The Greenhouse Effect
In Woodstock College, Md., there were two green houses: one made of wood and another of glass. The wooden house was painted green and named the Green House. In winter, the trees and bushes outside the glass house had no leaves, but inside the plants were green. Inside vegetables and flowers were grown in winter. The greenhouse effect resulted in temperate temperature inside the glass house in freezing weather outside.
The sun equally sheds light and heat on the greenhouse and around it. But while heat absorbed by the surrounding ground is radiated into the sky, the energy entering the greenhouse is partially trapped. Glass transmits electromagnetic radiation (light and heat) but partially blocks infrared or heat. What enters the greenhouse is energy in the form of the visible, infrared and ultraviolet. This energy heats the material in the greenhouse.
The energy that enters the green house is the energy radiated by the sun which has temperature of 6000 degrees Kelvin. The material in the greenhouse is heated to about 300 degrees Kelvin. Thus the spectrum of the energy it radiates is that of a 300 degree Kelvin body. The spectrum of solar energy peaks in the yellow while the spectrum of 300 degree Kelvin peaks in the red.
The ground outside the greenhouse also gets heated, but the energy is radiated to the sky. This radiation to the sky goes on during the night. Glass absorbs infrared and then radiates it in all directions. Thus part of the infrared is transmitted to the sky and part remains in the greenhouse. At night little radiation leaves the greenhouse. These processes keep the temperature in the glass temperate while it is winter outside.
The earth system is a natural greenhouse. The solid earth is surrounded by the atmosphere which contains greenhouse gases (GHG). Like glass, GHG does not transmit all of the infrared. Thus the earth does not cool down drastically at night, and the planetary temperature is 15 degrees Celsius. The variation between daytime and nighttime temperature is about a degree or so in the Philippines. Without the greenhouse effect the earth’s temperature would be about thirty degrees cooler.

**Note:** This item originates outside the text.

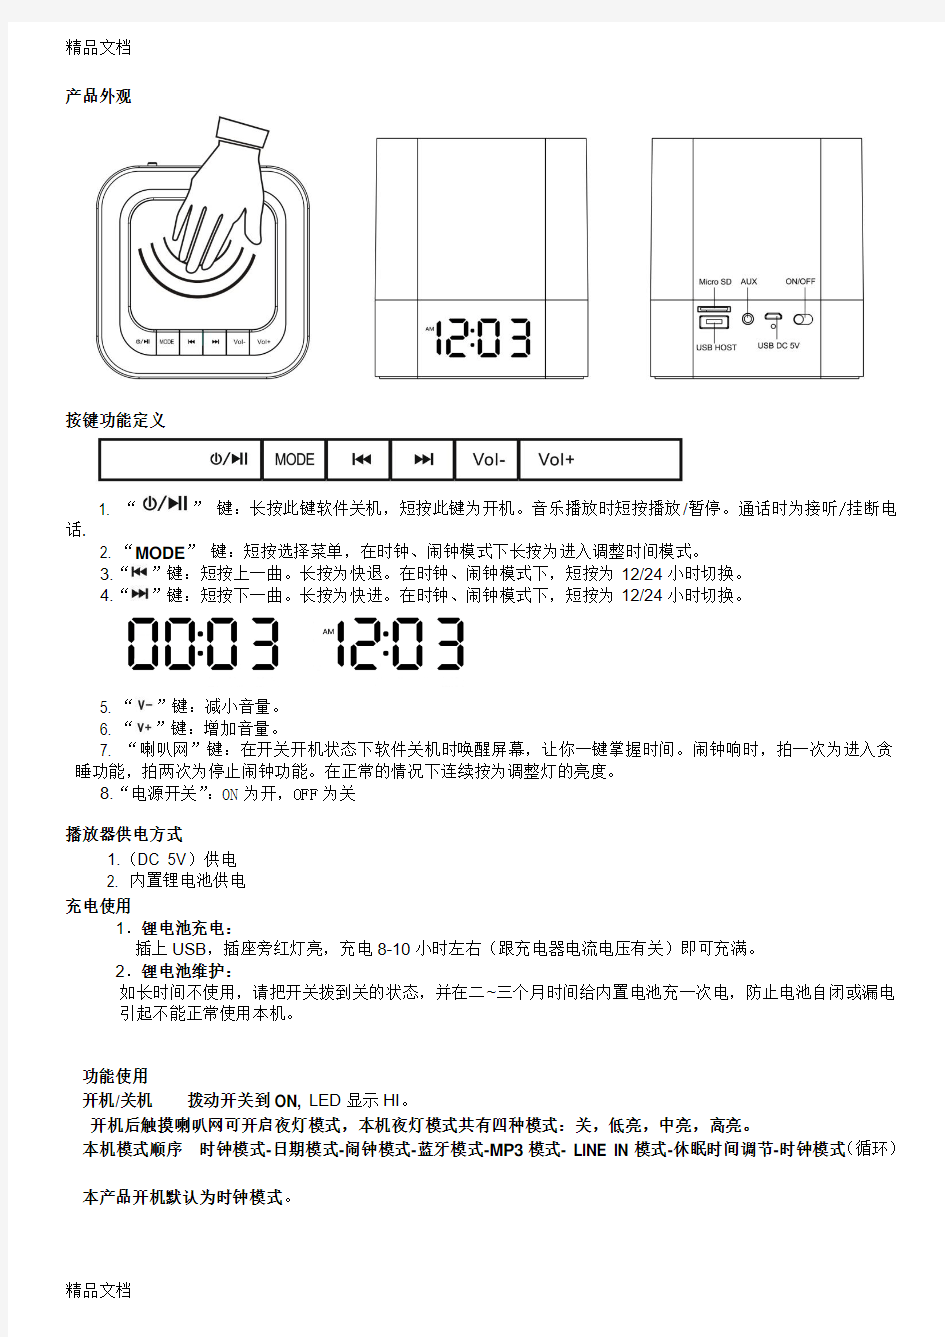 最新DY28蓝牙中文说明书 台灯音箱资料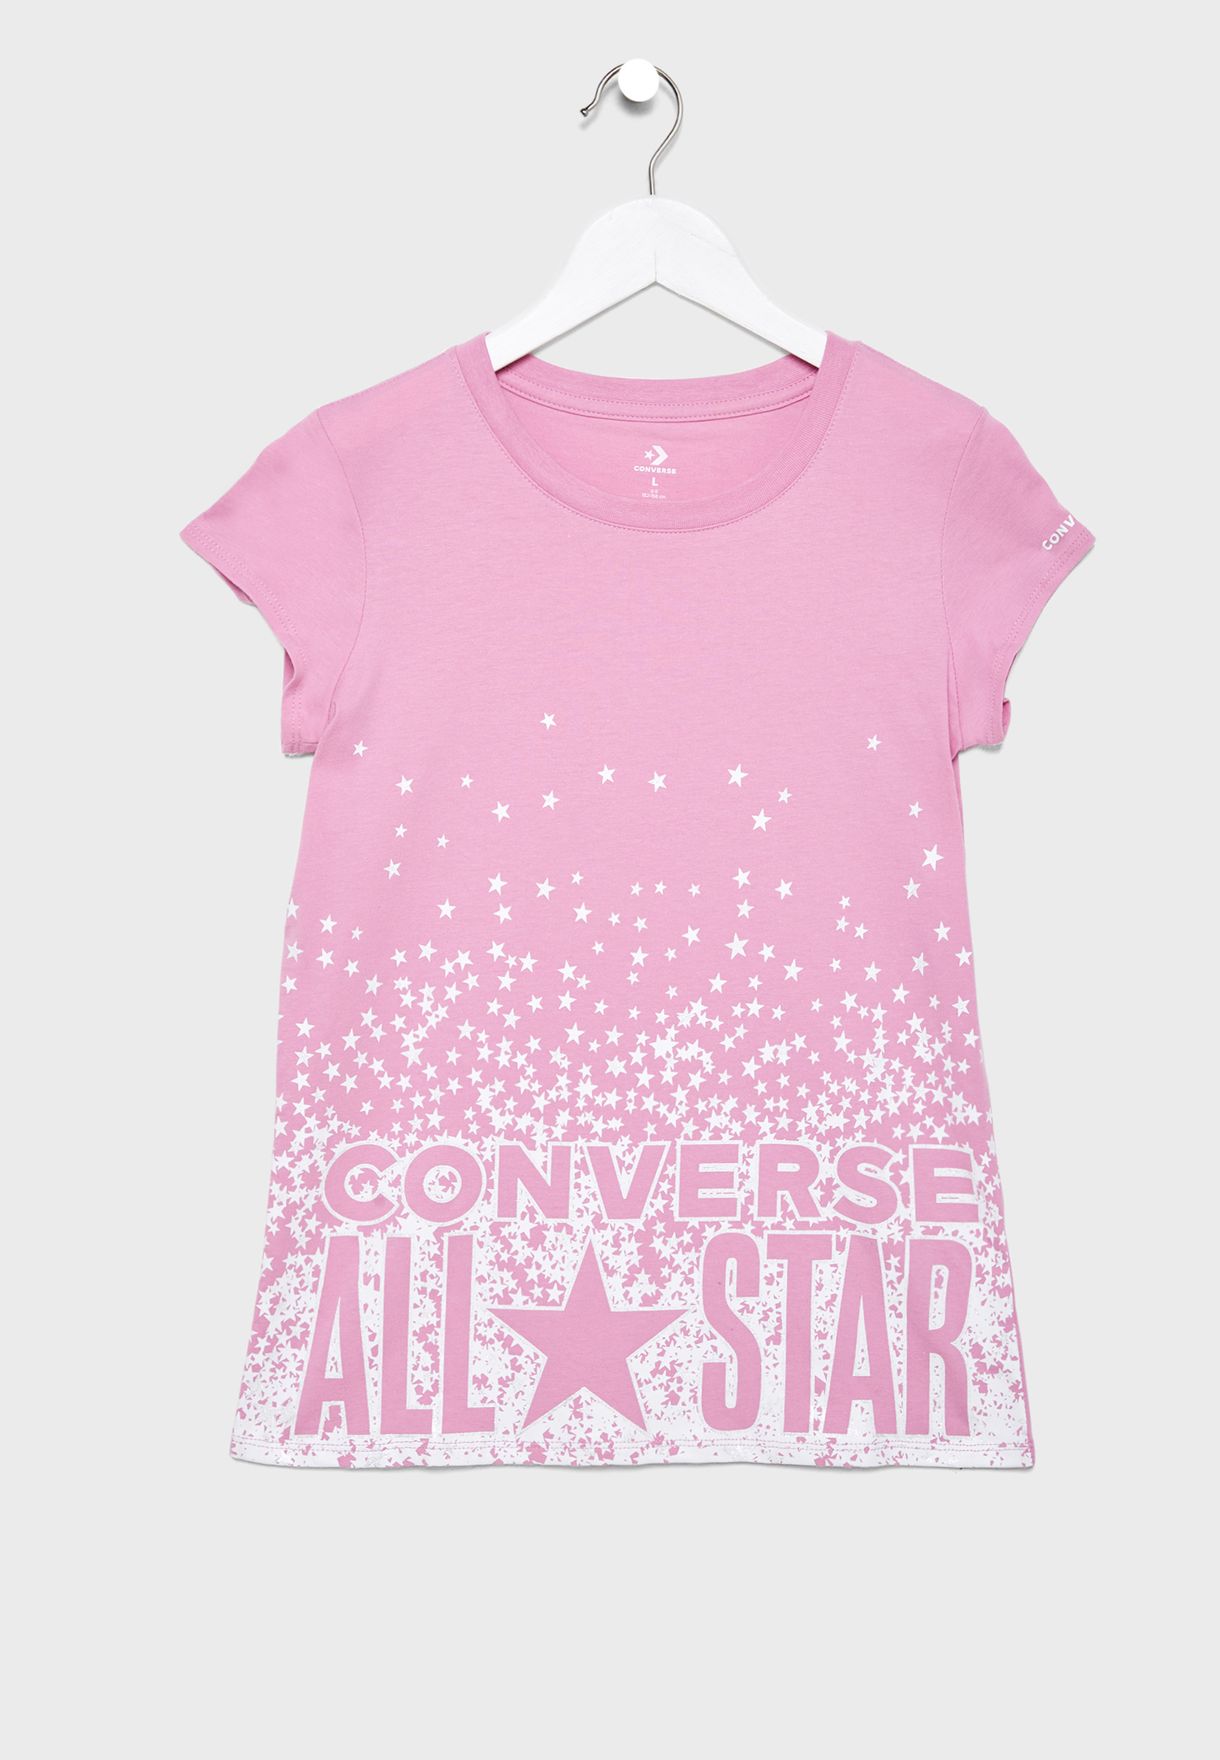 converse all star t shirt pink

The moon has no atmosphere and so at night all the energy received in daylight is totally radiated into space. In addition, the lunar “day” is about 14 earth days; its surface temperature varies from 400 degrees Celsius in daytime to -400 degrees Celsius at nighttime. Mercury has no atmosphere and the day is very long. Its temperature varies from 90 K to 700 K. Mars has very little atmosphere. Its temperature varies from 27 C to -133 in the poles.
Venus is an example of a runaway greenhouse effect. It has a dense atmosphere composed mostly of carbon dioxide. Hardly any heat escapes at nighttime. The temperature is 480 degrees Celsius.
Car owners have greenhouses without knowing it. Temperature in a car parked in the open under the sun with windows closed get very hot. If the owner left the windows open, he would find it cooler, if it had not been stolen.
The largest greenhouse is found in Eden Project in Cornwall, England. Giant geodesics which use a special plastic instead of glass house the world's largest rainforest in captivity with steamy jungles and waterfalls.
Energy can be conserved if architects made buildings that do not absorb heat. The UP administration building is like an oven because it has a north-south orientation. This would be good where there is winter. But in the Philippines it is best to have buildings with an east-west orientation. It is good also to have small windows. And infrared reflection film should be attached to the glass surfaces.
Ninety-nine percent of the earth’s atmosphere is nitrogen and oxygen. GHG are in the remaining one percent. In descending order, the most abundant GHG in the Earth's atmosphere are: water vapor, carbon dioxide, methane, nitrous oxide and ozone.